Hydrophilic polymer embolism and associated vasculopathy of the lung: prevalence in a retrospective autopsy study

Abstract

Hydrophilic polymers are commonly applied as surface coatings on vascular devices and have been shown to dissociate during endovascular use, causing hydrophilic polymer embolism (HPE). Adverse effects related to this phenomenon have been recognized and reported. The prevalence of this complication is unknown. We conducted a retrospective study to determine the prevalence of HPE among hospital autopsies over a 29-month period. Postmortem tissue was histologically evaluated for the presence, location(s) and extent of HPE. HPE findings were correlated with documented clinical and laboratory data and patient outcome. Of 136 hospital autopsies examined, 18 (13%) showed evidence of HPE involving the lungs (n = 18), heart (n = 1) or central nervous system (n = 1). Localized pulmonary HPE was seen in 12 patients (9%). Multifocal pulmonary HPE was found in 6 patients (4%) and was associated with clinical vasculitis (33%; P < .0001), suspected pulmonary ischemia (50%; P = .008), coagulopathy (67%; P = .002), and constitutional disease (83%; P = .01). Within affected lung, associated histopathologic changes included occlusive intravascular or perivascular inflammation (89%), intravascular fibrous response (56%), microthrombus formation (44%), vasculitis (28%), and/or pulmonary microinfarction (28%). Statistically significant differences in hospital days (P = .008) and number of vascular interventions (P = .01) were noted between affected and unaffected patients. We conclude that HPE is an underdiagnosed phenomenon with primary involvement of the lungs, where secondary vascular changes are common. Additional studies may be needed to clarify risks and to identify preventative strategies for this iatrogenic complication of catheterizations and "minimally invasive" endovascular techniques.

Keywords: Catheterization; Drug delivery vehicle; Endovascular procedure; HPE; Hydrophilic polymer embolism; Iatrogenic complication; Vasculopathy.

Figure 1. Summary, Patient 1

A 73-year-old woman with hypertrophic cardiomyopathy, sinus node dysfunction, hypertension, diabetes mellitus type 2 and chronic renal disease presented with pulmonary edema. Cardiac enzymes were negative; BNP and creatinine were elevated. Initially, the patient was improving with diuresis, intravenous fluids and dialysis. After admission, a CVC was placed and broad-spectrum antibiotics were administered for suspected pneumonia. The patient's respiratory symptoms subsequently worsened; however, transthoracic echocardiography and right and left cardiac catheterization revealed no definite cardiac etiology for her symptoms. During her hospitalization, she developed suspected PE, elevated ESR, p-ANCA+ vasculitis, coagulopathy of unknown cause, and prominent mediastinal lymphadenopathy. Chest X-Ray (A) and pulmonary CT angiography (B) showed pleural effusions and areas of pulmonary consolidation, with no evidence of PE. Despite multiple negative cultures, the patient developed multiple organ dysfunction syndrome and suspected sepsis, progressing to death. Autopsy, performed 1 month after admission, failed to reveal any natural etiology for her terminal symptoms. Retrospective histopathological analysis, however, showed multifocal HPE involving the bilateral peripheral pulmonary arteries (C-F), as well as the heart and central nervous system (not shown). Intravascular histiocytes (D), giant cells (E), and fibrous reaction (F) were associated with HPE. Adjacent vessels showed microthrombus formation (G) and areas of vascular injury (H). The cause of death was retrospectively attributed to widespread pulmonary HPE in the setting of hypertrophic cardiomyopathy [C-H: H&E, original matnification 600X].

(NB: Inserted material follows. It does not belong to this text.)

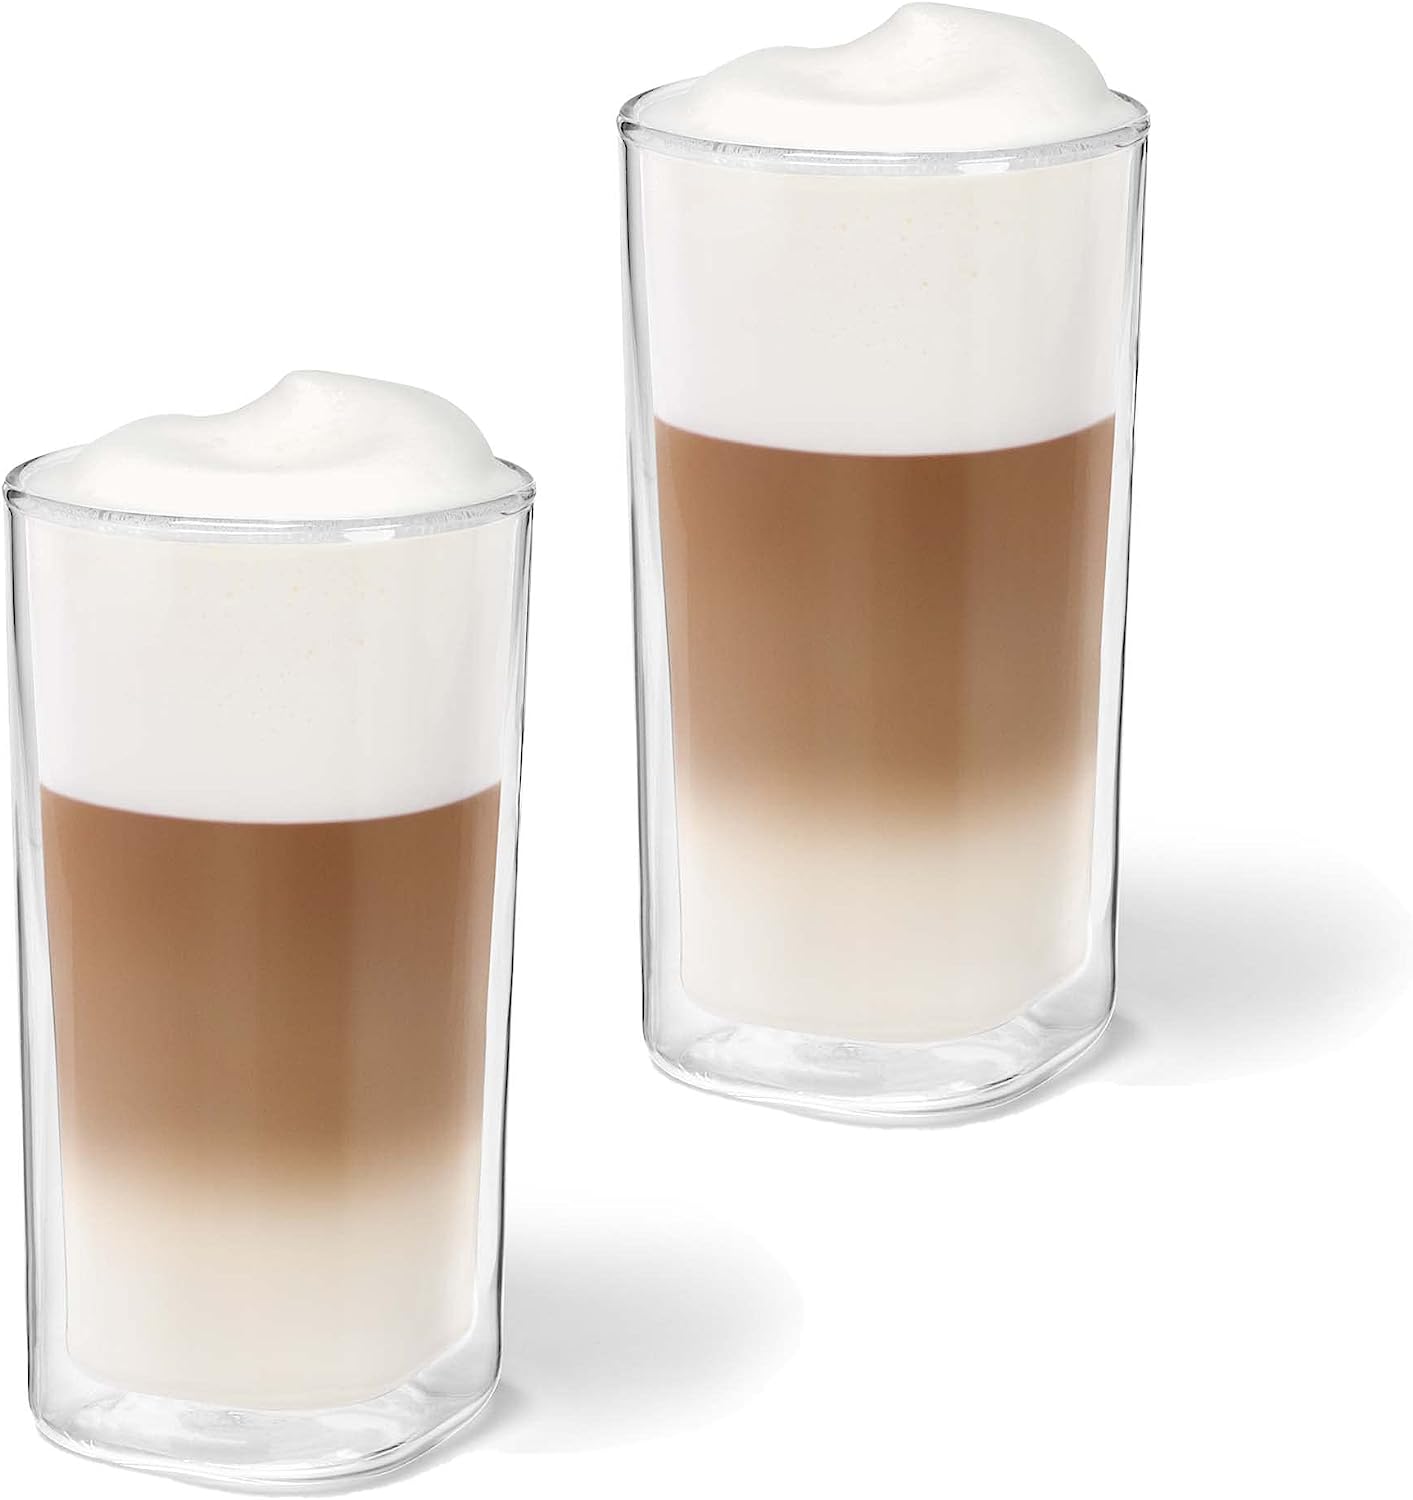 Tchibo QBO Set of 2 Latte Macchiato Glasses, High Quality Glass, Mouth-Blown, Lasered QBO Logo, Enjoy Hot and Cold
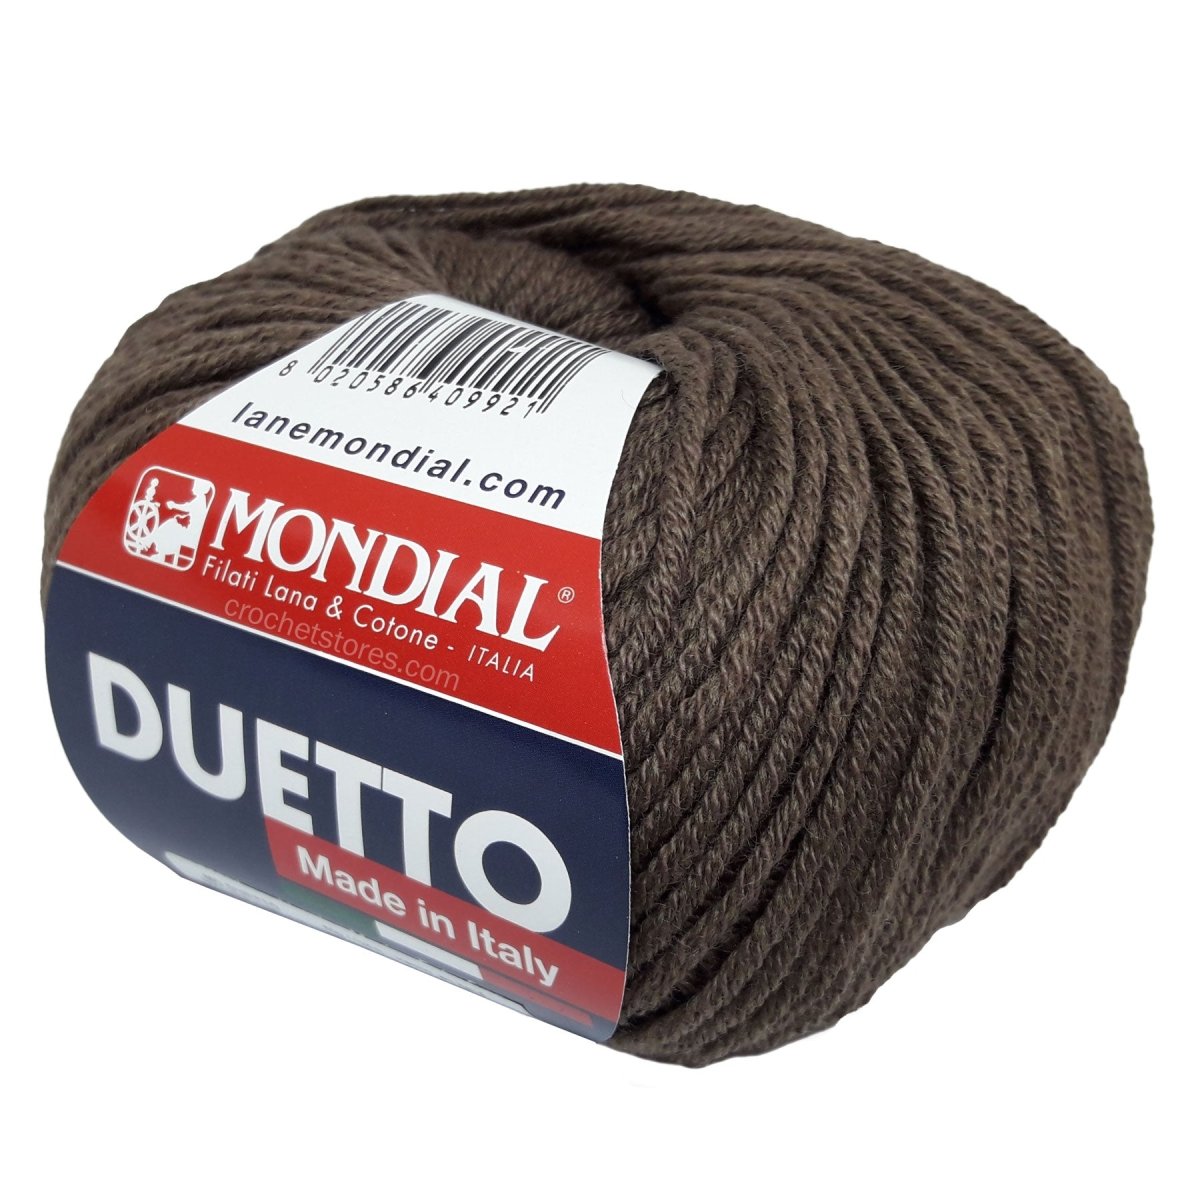 DUETTO - Crochetstores1175-2868020586409921

Figure 2. Summary, HPE Vasculopathy

Heterogeneous reactions (A) elicited by intravascular polymer include foreign body giant cell vasculitis (arrow 1), intravascular microabscess formation (arrow 2); intravascular fibrous reaction (arrow 3); and histiocytic response (arrow 4) (magnified in panels B-E, respectively); high-power microscopy further demonstrates lamellated strips of foreign granular material, consistent with polymer [A-F: H&E; G: Congo Red; H: Mucicarmine; H: Masson Trichrome; A: 200X; B-I: 400X].